PMI suggests that a the planning phase is significantly underrated on most projects. As a guide, they suggest that 30% of a project should be spent in the first two process groups. Although this includes planning during the project (reviewing schedules and resources, performing risk analyses, etc.) most people would agree that most projects don’t receive this kind of planning effort.
The project management plan developed during the planning phase contains the schedule, budget, and any other item that defines the “plan” for the project. It should be approved by the project sponsor, and any changes during the project’s execution phase should be documented in a change log and re-approved.
Throughout these phases the project manager employs ten knowledge areas. The actions within each knowledge area are employed at any time but there are generally times at which each is useful:
- Integration management. The bigger picture stuff that doesn’t fit into specific knowledge areas, like writing the project management plan, dealing with project changes, etc.
- Scope management. Defining the project scope and ensuring it doesn’t change except when specifically planned for (scope creep).
- Time management.

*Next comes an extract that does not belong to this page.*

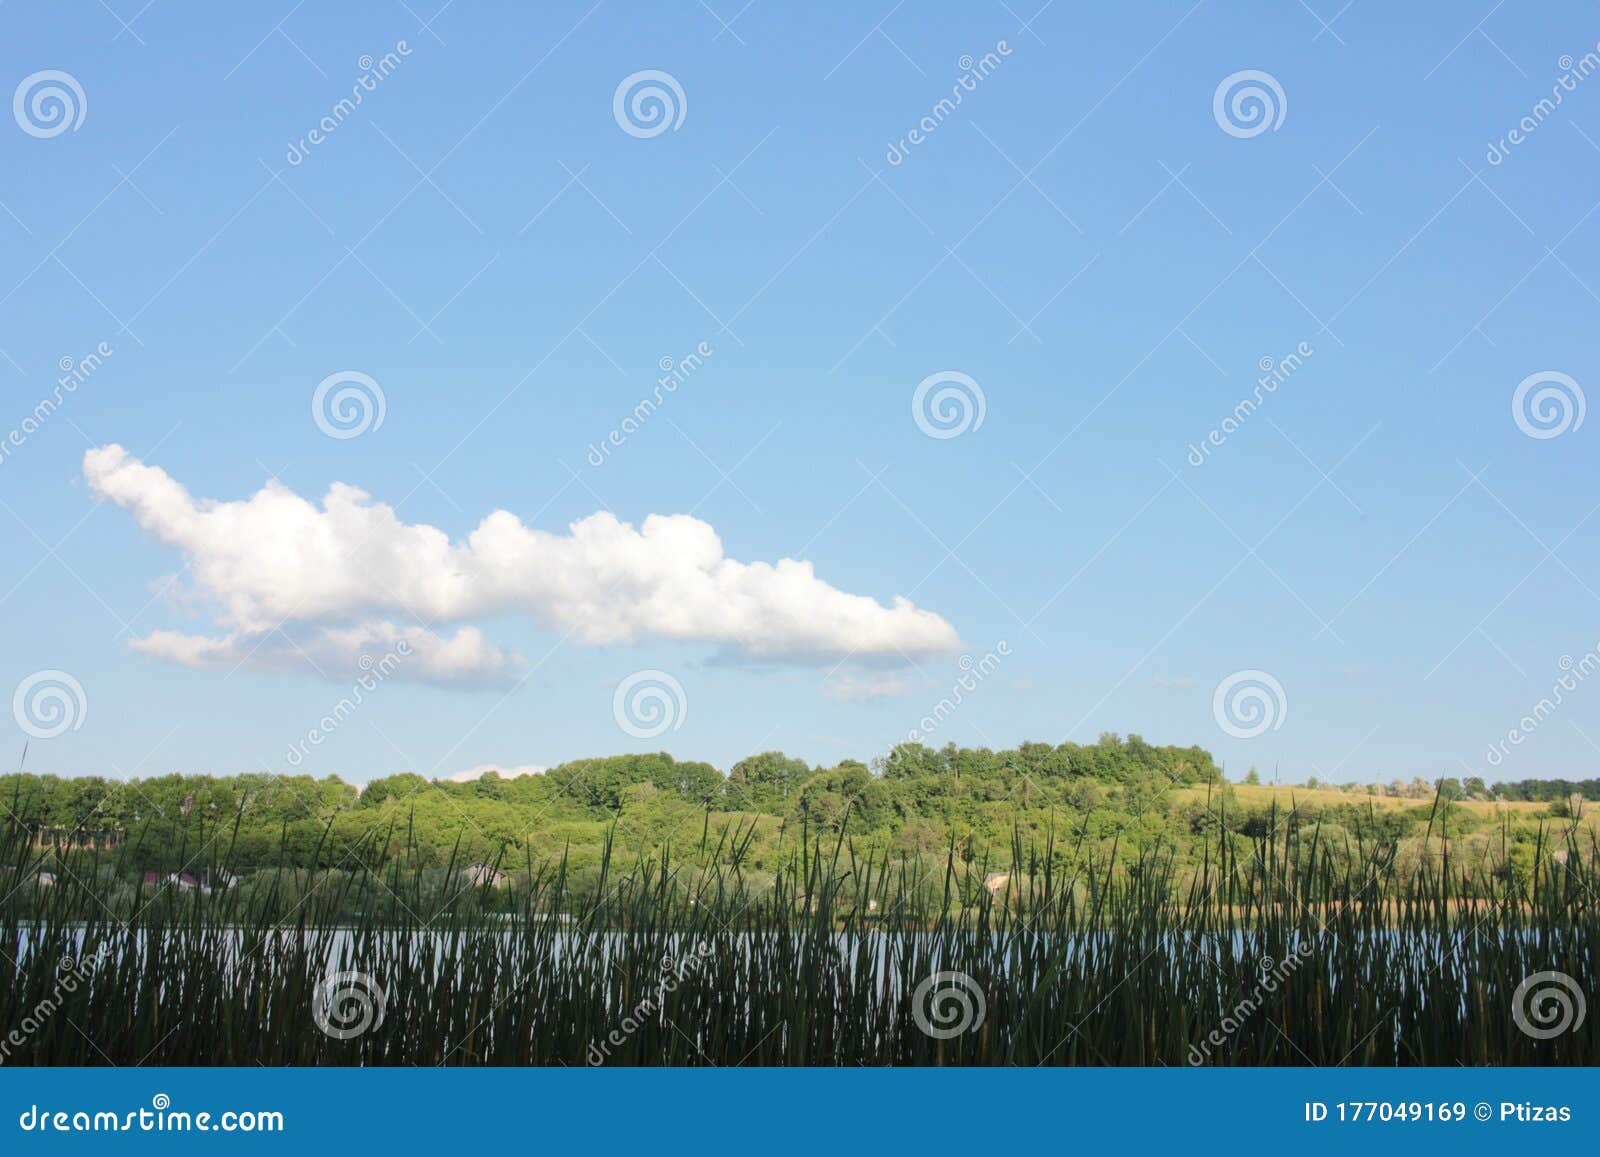 田园诗般的春夏风景 河流 绿色芦苇 树木 蓝天和白云库存图片 图片包括有田园诗般的春夏风景 河流 绿色芦苇 树木 蓝天和白云
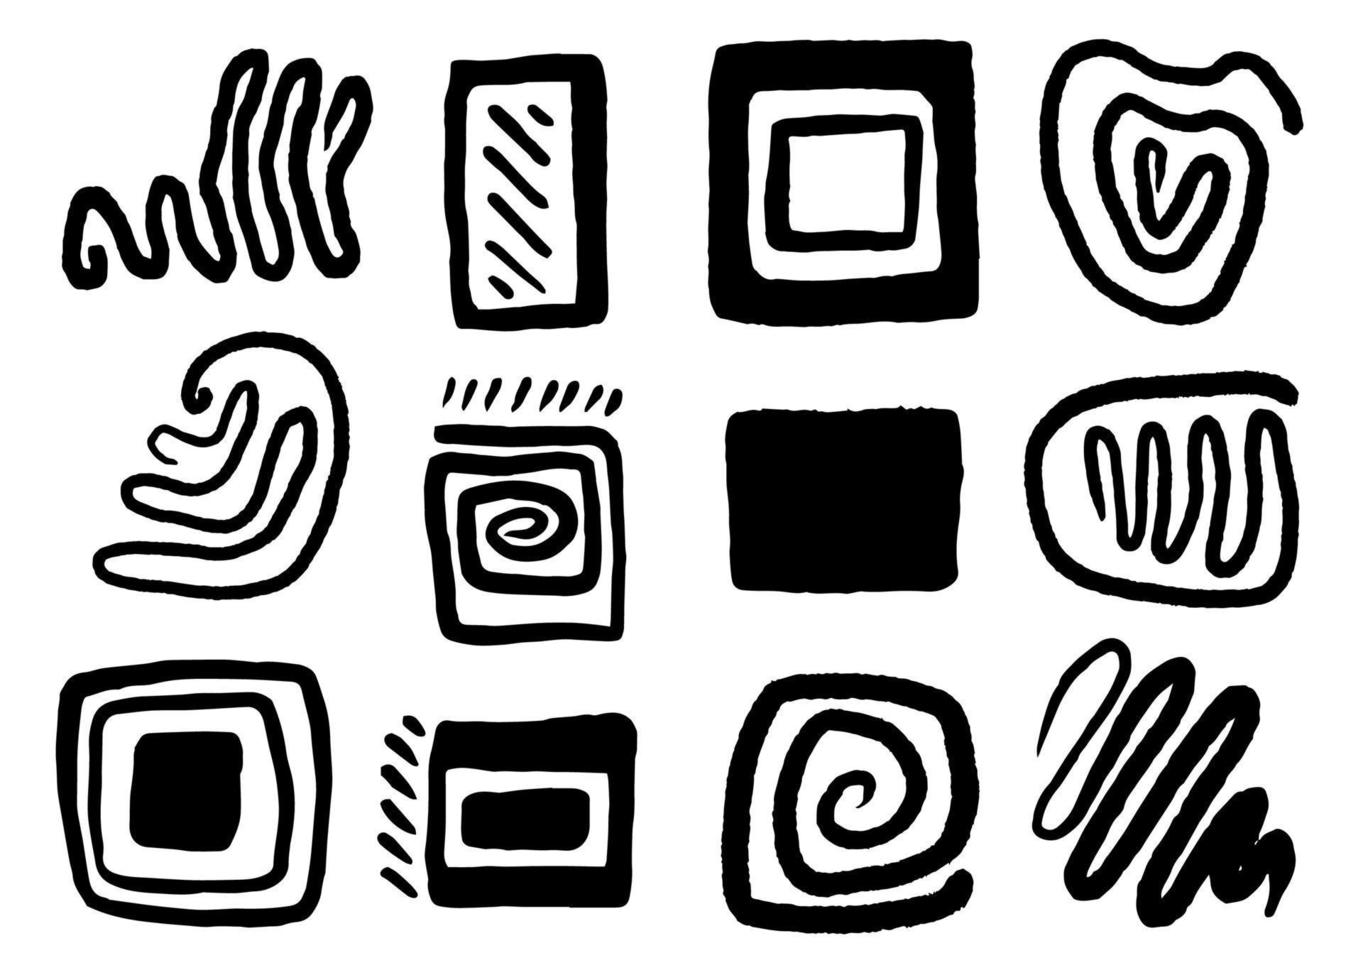 conjunto de símbolos antigos desenhados em estilo doodle vetor

Developing the project schedule and ensuring the project stays on schedule.
- Cost management. Estimating the project’s cost and ensuring the project stays under budget.
- Quality management. Determining what the quality standards for the project are, and how the project will meet those standards.
- Human resource management. Defining the job responsibilities of the project team, acquiring the personnel and and giving them the tools to succeed.
- Communications management. Establishing the communications needs of the project.
- Risk management. Determining the biggest risks to the successful completion of the project, how they will be mitigated, controlled, or transferred, and developing written response plans where necessary.
- Procurement management. Itemizing the external vendors required to complete the project and determining how they will be managed.
- Stakeholder management. Defining the project’s stakeholders and analyzing their needs.
Unlike other types of projects, engineering projects have a tendency to need a broad range of these rather than specialize in one or two.
Project Organizational Chart
The generic project organizational chart is as follows:
- Project Sponsor. This is the person that accepts the project’s deliverables. Whether inside or outside the organization, they also authorize the project and approve project funding. They are one level above the project manager.
- Project Manager. The person who manages the day to day project activities and on whom responsibility for the project’s success or failure rests.
- Project Team. The people who perform the technical project work, on time, on budget, and to the specifications developed within the project management plan.
- Stakeholders. Anyone who has an interest in the project. From government regulatory bodies to adjacent landowners to funding agencies, they can all derail the project and need to be managed.
Project Management Software
Project management software tends to be specific to the discipline, for example, Primavera P6 for civil contractors. But in the absence of specific software in your industry, Microsoft Project tends to be widely used. It has pretty good scheduling, time and scope management.